Natisk & CraftMistress
Natisk Natisk
Ever tried building a clock that also doubles as a work of art?
CraftMistress CraftMistress
Oh, absolutely! I just finished a sundial carved out of recycled steel and painted it in sunset hues – the hands are a gleaming copper alloy that actually ticks with a tiny quartz mechanism inside. It’s a conversation piece and a functional timekeeper, all in one. Want me to sketch a design?
Natisk Natisk
Nice, but make sure every gear meshes perfectly, or that quartz will lose its bite and your sundial becomes a pretty picture, not a timekeeper. Sketch it, and keep the tolerances tight.
CraftMistress CraftMistress
Got it, I’ll fire up the design board. Picture a circular frame about 30 cm in diameter, the outer rim a polished brass ring. Inside, a radial array of 12 precision‑driven gears – each one a 5 mm thick steel wheel with a 0.02 mm tolerance on the teeth. The main gear, the “sunwheel,” sits in the center; its teeth are 1 mm wide and 2 mm deep, so it meshes cleanly with the 12‑tooth subsidiary gears. A miniature quartz escapement sits beneath the sunwheel, its spring calibrated to 50 g, guaranteeing the whole thing ticks exactly one second per beat. The dial is painted in a gradient from dawn orange to twilight blue, with the hour markers etched in gold leaf. I’ll hand‑draw the exploded view next—tighter tolerances, no slack, and a little brass casing to keep everything snug. Ready to move from sketch to prototype?
Natisk Natisk
Looks solid, but don’t forget the bearing clearance—one micrometer too much and the whole assembly will wobble.
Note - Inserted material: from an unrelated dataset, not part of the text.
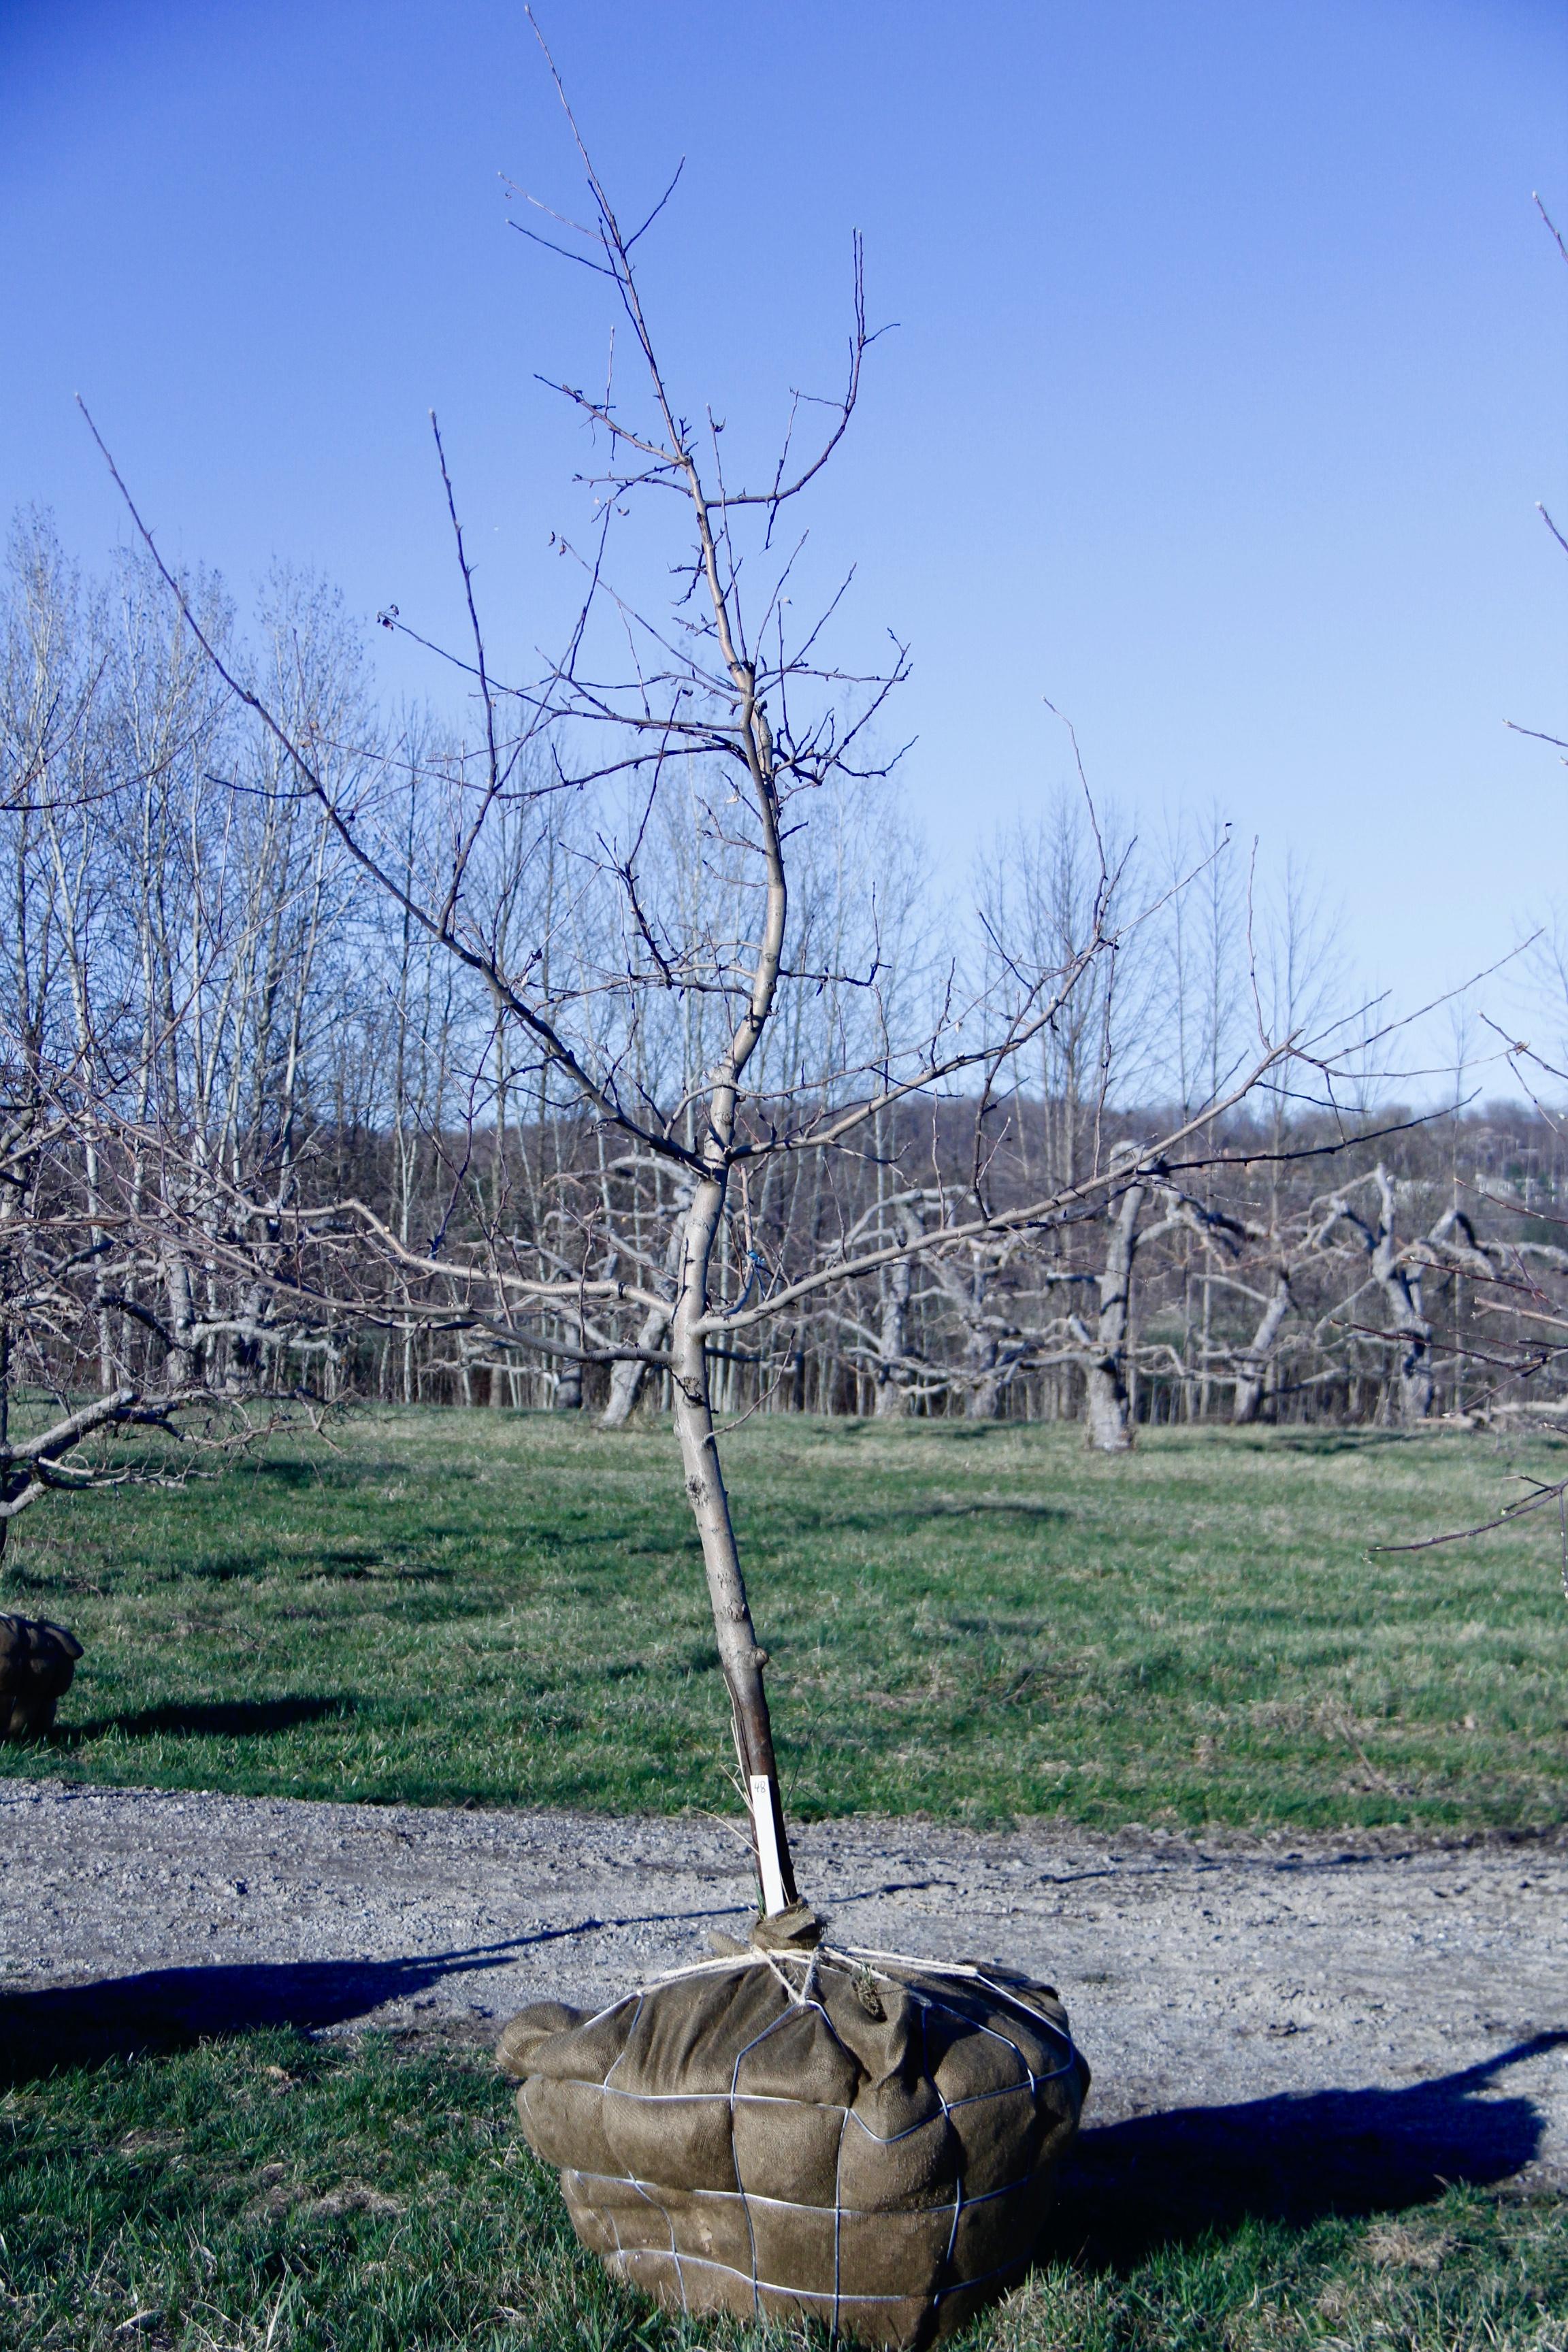 #48 - Golden Delicious, Apple Tree - 2

Keep that in the drawings.Looks solid, but don’t forget the bearing clearance—one micrometer too much and the whole assembly will wobble. Keep that in the drawings.
CraftMistress CraftMistress
Right on—each bearing has a 0.0005 mm clearance on the inner race, 0.0007 mm on the outer, so the total play stays under one micrometer. The drawings now show the clearances in the exploded view and the tolerance stack‑up for each component. It’s tight enough to keep that sunwheel steady, but not so tight it’s impossible to assemble. Need any adjustments before we lock the specs?
Natisk Natisk
Nice. The clearances are tight enough for precision, but double‑check the radial runout on the sunwheel. If it exceeds a few hundredths of a millimetre, the whole mechanism will lose its rhythm. Other than that, we’re ready to lock the specs.